CS 330 Lecture 35 – Roogle, a Poor Man’s Search Engine
Agenda
- what ?s
- program this
- a simple search engine
- scrappy Ruby
- top-level functions
- imperative and object-oriented with some functional
- globals vs. locals
- Hash, Array, and Set
Program This
- Write a pseudocode/Ruby function get_words that accepts some HTML as a parameter. Return an array of all non-tag words in the HTML body. Lowercase all such words.

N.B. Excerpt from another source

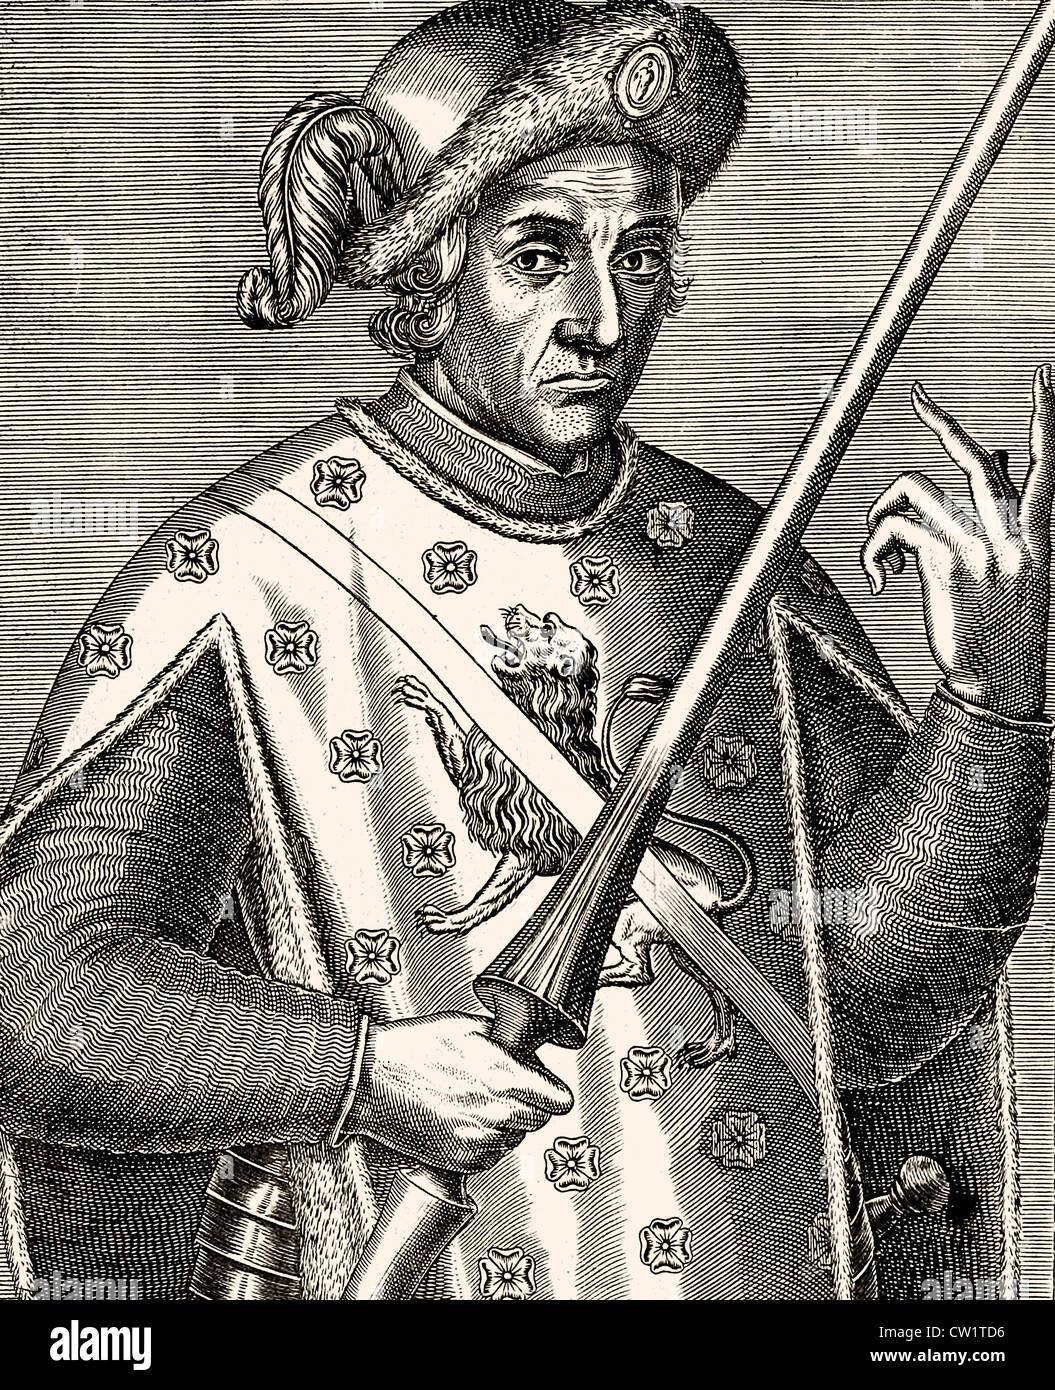 Edward Prince of Wales - Stock Image

- Write a pseudocode/Ruby function filter_links that accepts as parameters some HTML and prefix URL. Prefix is the part of the URL that doesn’t include the page, e.g., http://prefix/index.php. Return a list of links embedded in the HTML. Bonus features: lowercase all URLs, prepend the prefix onto any URL that doesn’t start with http, and strip off any http:// or https://.
TODO
- Make some progress on http://tryruby.org. Quarter sheet.
Code
Indexing Pseudocode
to crawl url
for each word in HTML
add url to index[word]
for each link in HTML
crawl link
Searching Pseudocode
to search for word
urls = index[word]
print urls
roogle.rb
#!/usr/bin/env ruby
require 'net/http'
require 'set'
def get_words(html)
html =~ /<body.*?>(.*)<\/body>/m
body = $1
body.gsub!(/<.*?>/, ' ')
body.gsub!(/&.*?;/, ' ')
body.gsub!(/'s/, 's')
body.gsub!(/\W/, ' ')
words = body.scan(/\w+/).map do |word|
word.downcase
end
words
end
$word_to_urls = Hash.new
def crawl(url)
url =~ /^(.*?)(\/.*)$/
host, page = $1, $2
Net::HTTP.start(host, 80) do |http|
html = http.get(page).body
# Index all them thar words.
words = get_words(html)
words.each do |word|
if not $word_to_urls.include? word
$word_to_urls[word] = Set.new
end
$word_to_urls[word].add(url)
end
end
end
crawl('www.cs.uwec.edu/index.html')
$word_to_urls.each do |word, urls|
puts "#{word} -> #{urls.to_a.join(' ')}"
end
Haiku
Tortoise and Hare raced
Afterward they fell in love
Soon Ruby was born
Afterward they fell in love
Soon Ruby was born